# Betta Bowl Moss



## DudeGuy (Feb 14, 2012)

I recently came into the ownership of five adult male bettas. Due to a lack of money and space, I have been keeping them in large (1.5 gallon) fish bowls in a warm (~77 deg F) part of the house. I perform regular maintenance, and the water has stayed crystal clear.

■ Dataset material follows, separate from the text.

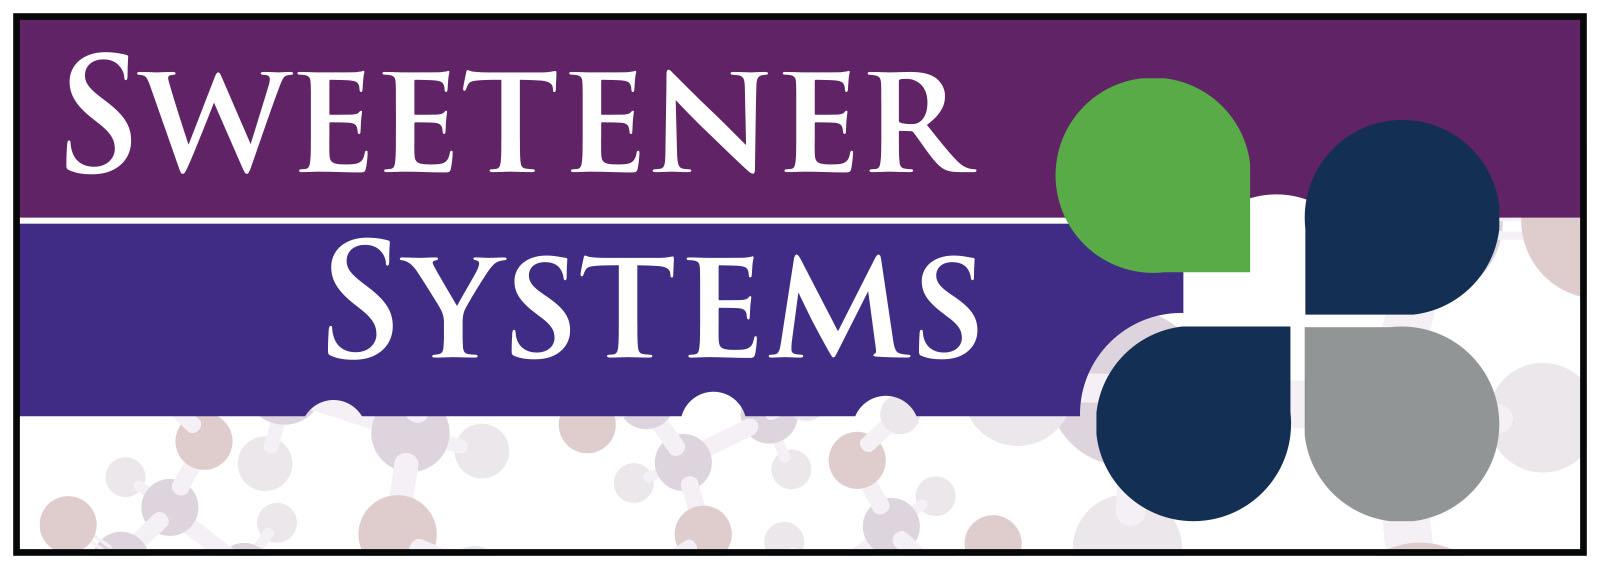 SWEETENER Systems Generic Logo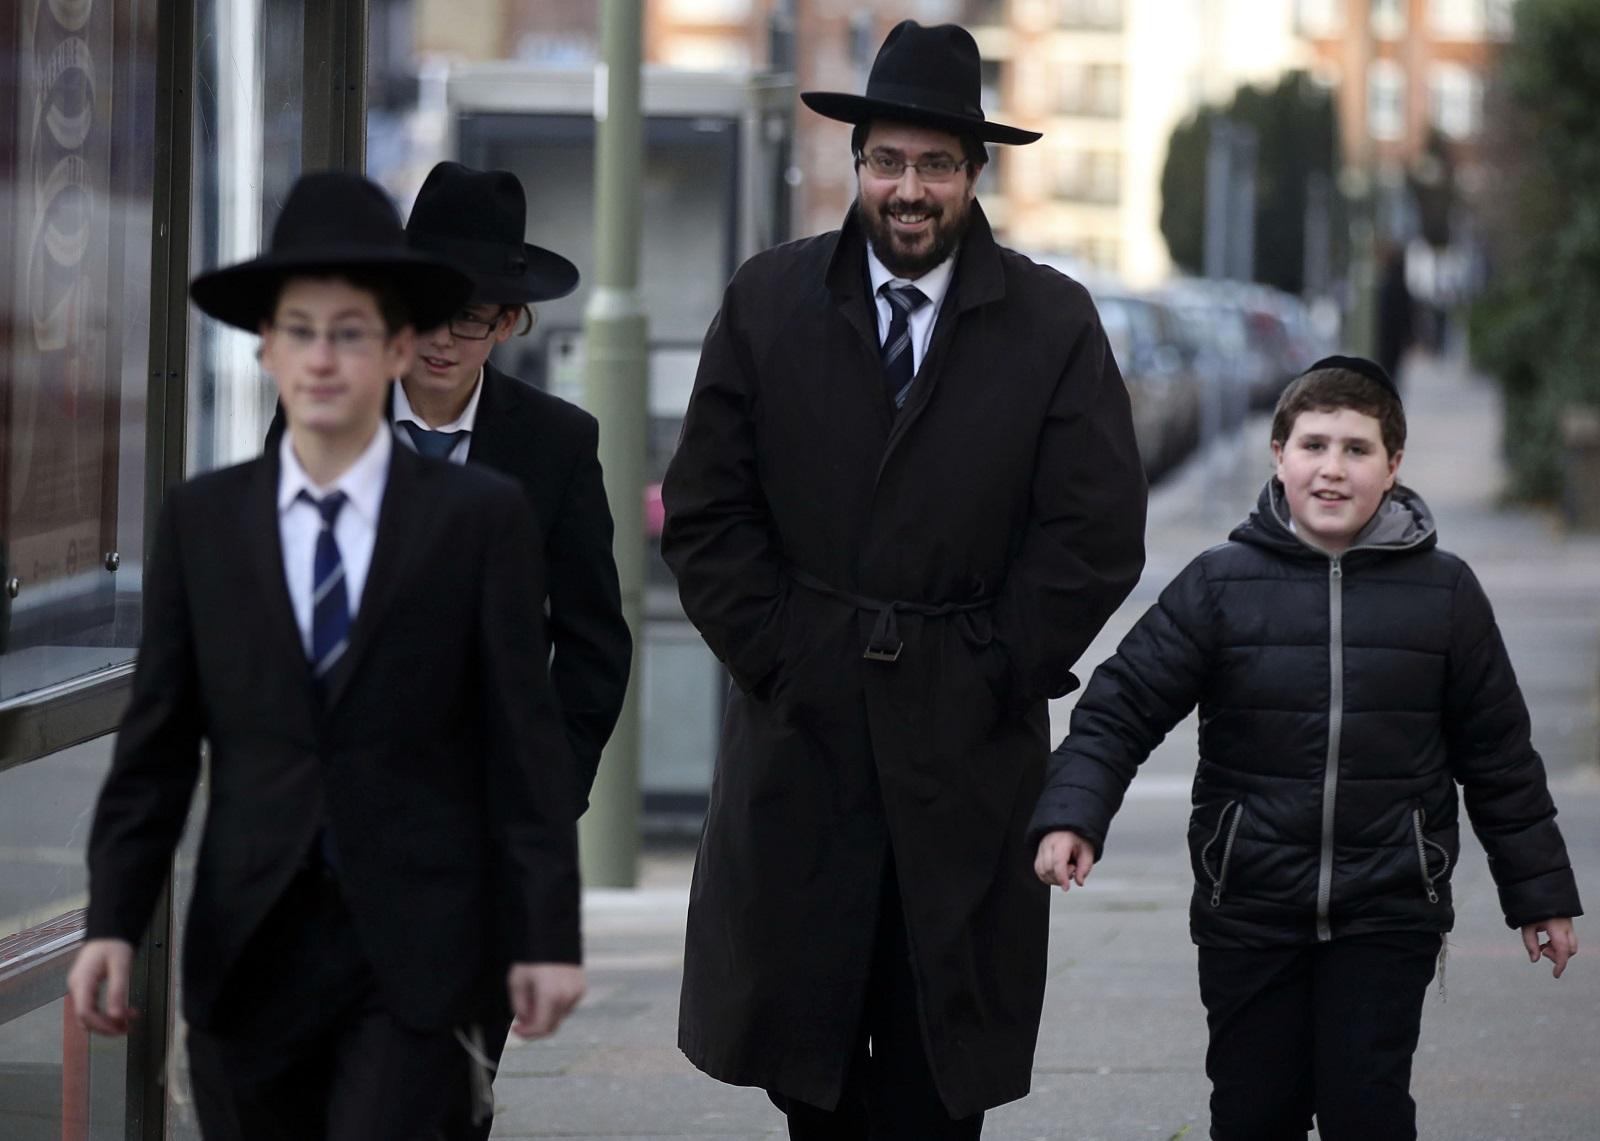 Jews in Golders Greeen face threat

I've been told that Java Moss helps to keep nitrite levels down and promotes healthier fish. However, I only have access to Taiwan Moss. Can Taiwan Moss perform a similar job of keeping the water clean?

Thanks for your time.


----------



## bmlbytes (Aug 1, 2009)

Sure thing. The idea is that you get a plant in there. A plant will absorb the ammonias and nitrates, and turn them into nitrogen gas. You will need a good light over each bowl to make sure the plants grow well though.


----------



## DudeGuy (Feb 14, 2012)

Will I need to trim the Taiwan Moss regularly or remove dead parts of it? How does it tend to grow?


----------



## emc7 (Jul 23, 2005)

Take it out and rinse the gunk out (it will collect food and poop) periodically. Split it when there isn't enough swimming room left. You can usually get a buck for a ball of it. It it changes color, throw dead parts out.


----------